▶ _Prompt_:
Only one span of the material below is wanted. Output it exactly, from the line with "John Bratby pencil" through the line with "Longer Sleeve Muscle", without any pictures.

▶ _Records provided_:

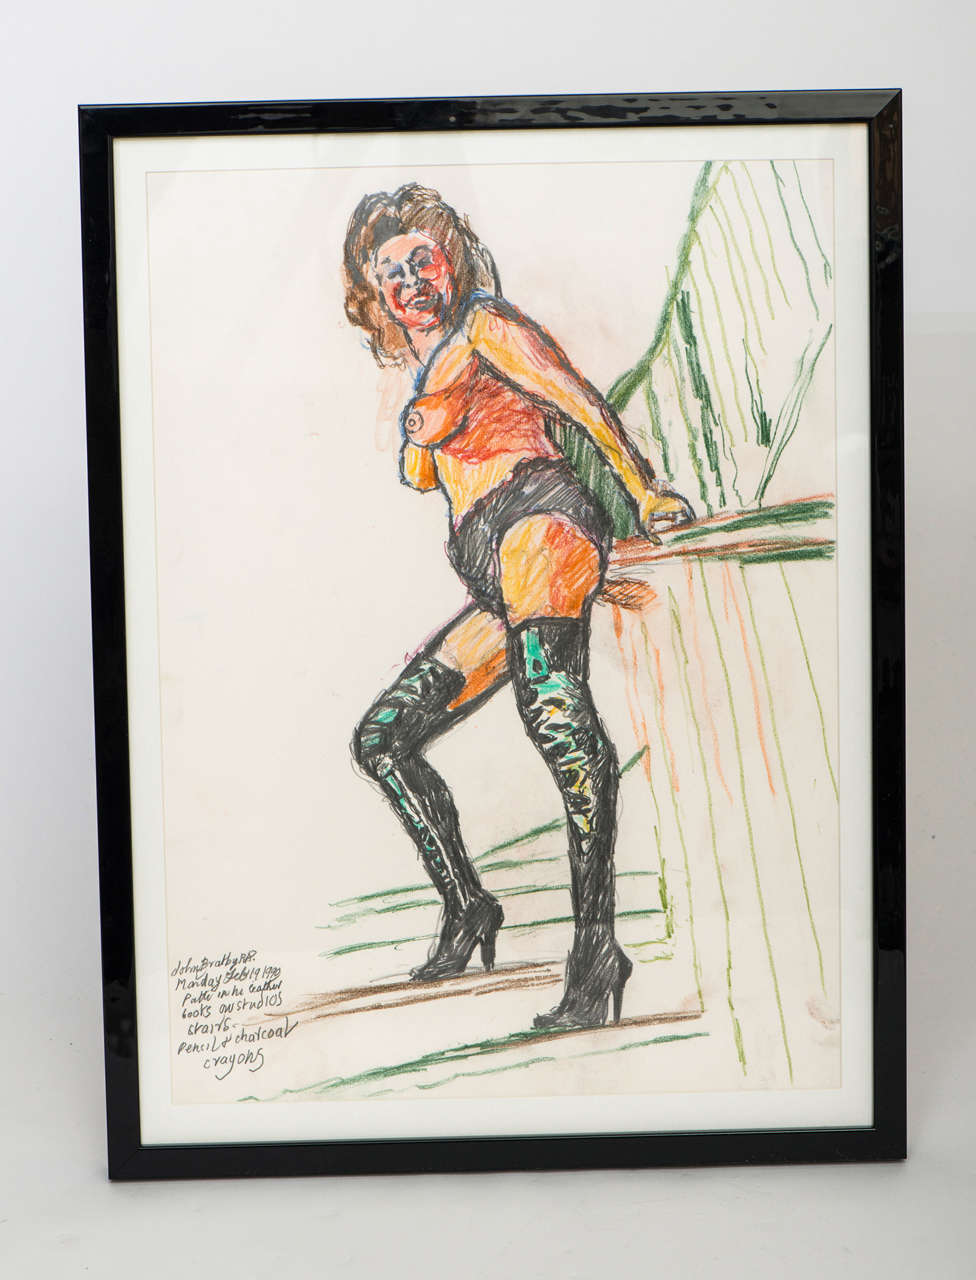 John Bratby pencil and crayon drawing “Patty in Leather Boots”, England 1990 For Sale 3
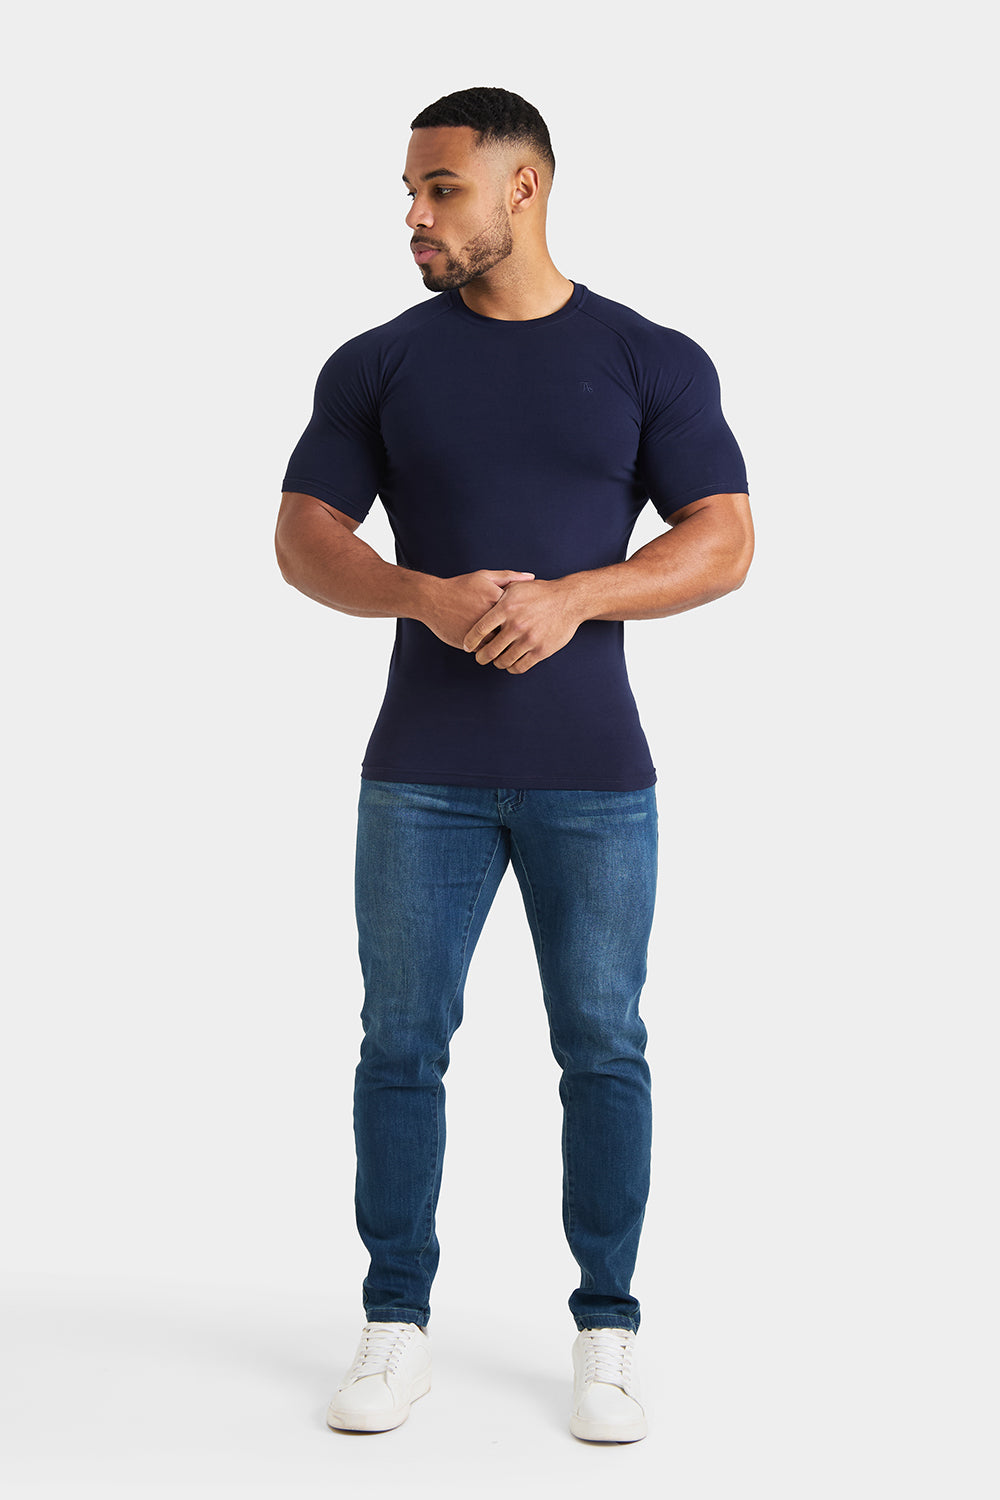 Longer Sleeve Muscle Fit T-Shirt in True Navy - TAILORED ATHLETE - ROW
* * *
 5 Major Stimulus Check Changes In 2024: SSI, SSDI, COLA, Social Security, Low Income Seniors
--
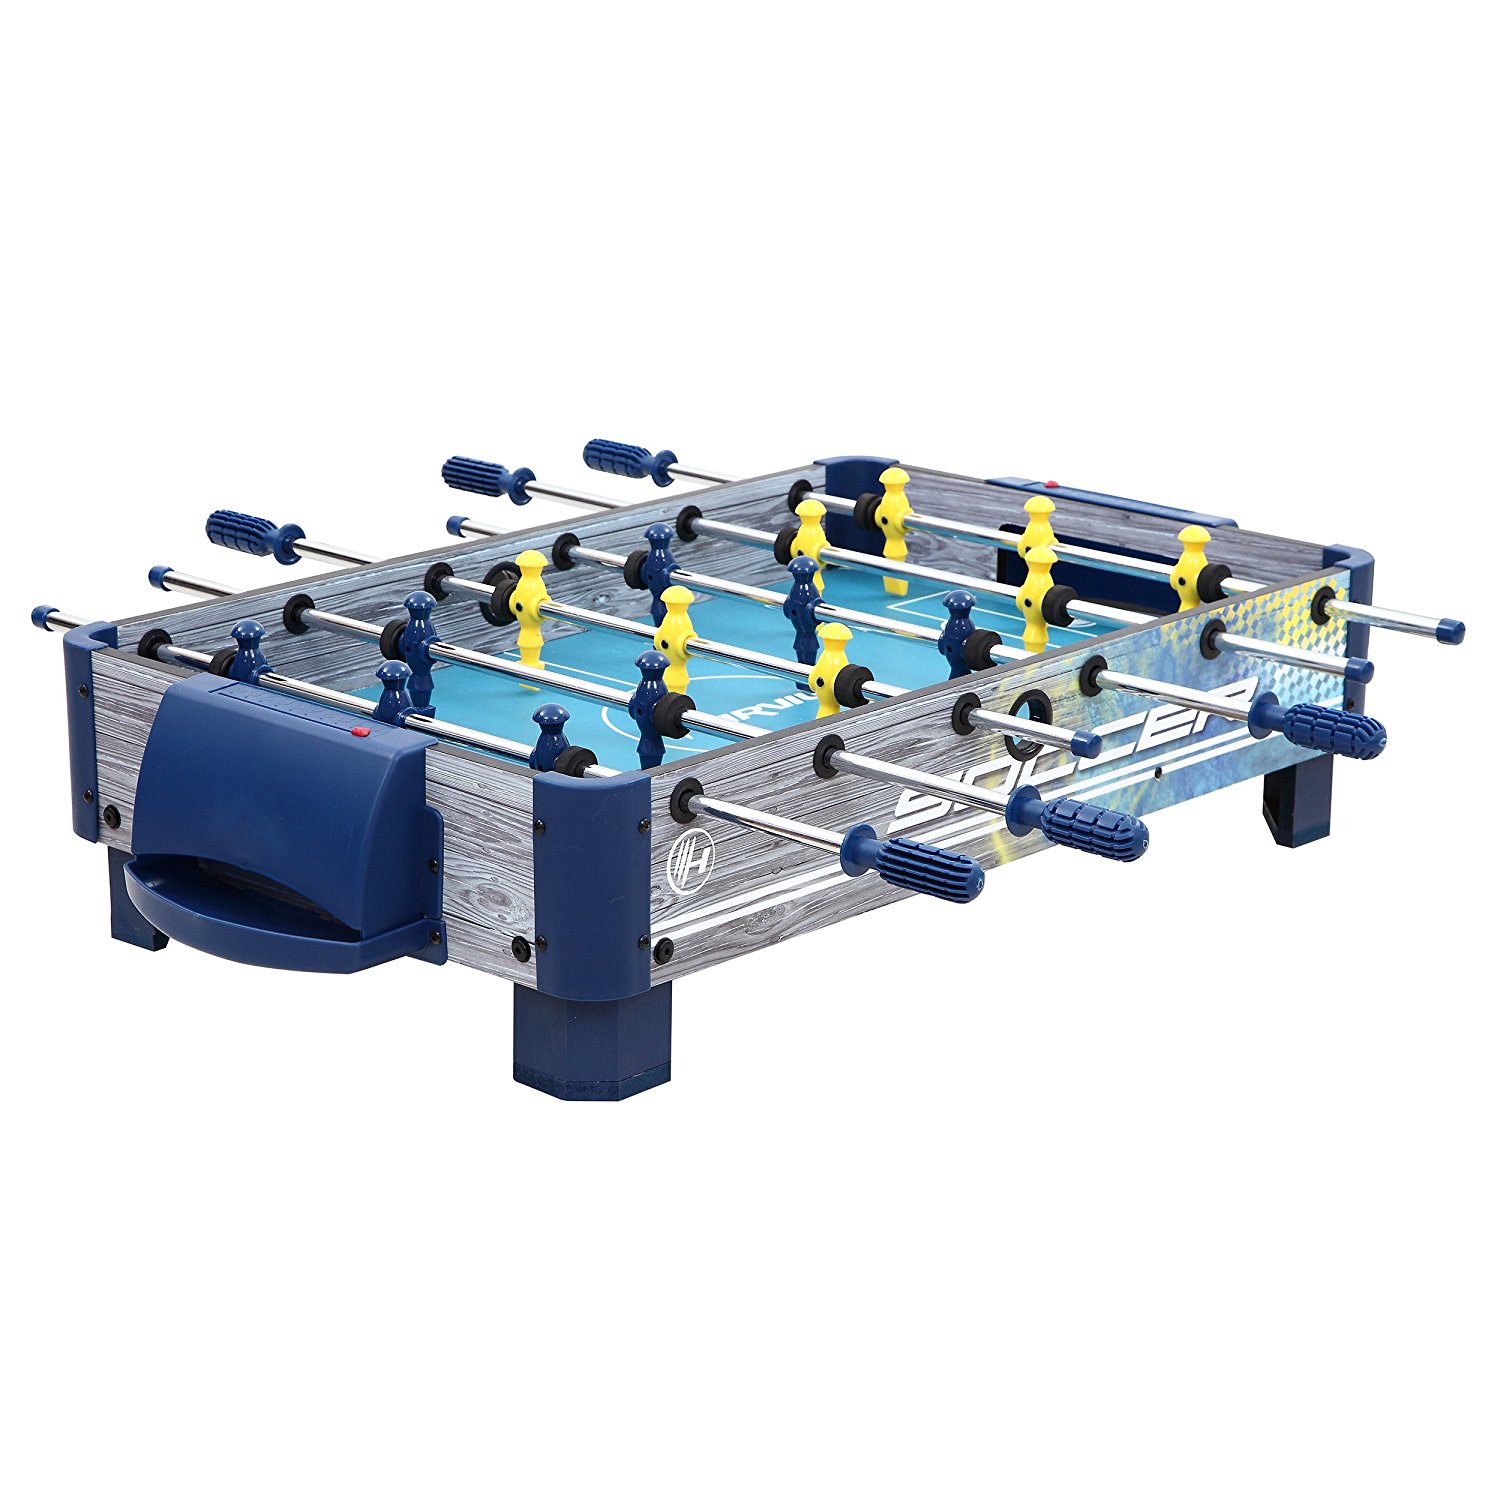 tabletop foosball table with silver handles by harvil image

▶ _Reply to the task_:
 John Bratby pencil and crayon drawing “Patty in Leather Boots”, England 1990 For Sale 3
 Longer Sleeve Muscle Fit T-Shirt in True Navy - TAILORED ATHLETE - ROW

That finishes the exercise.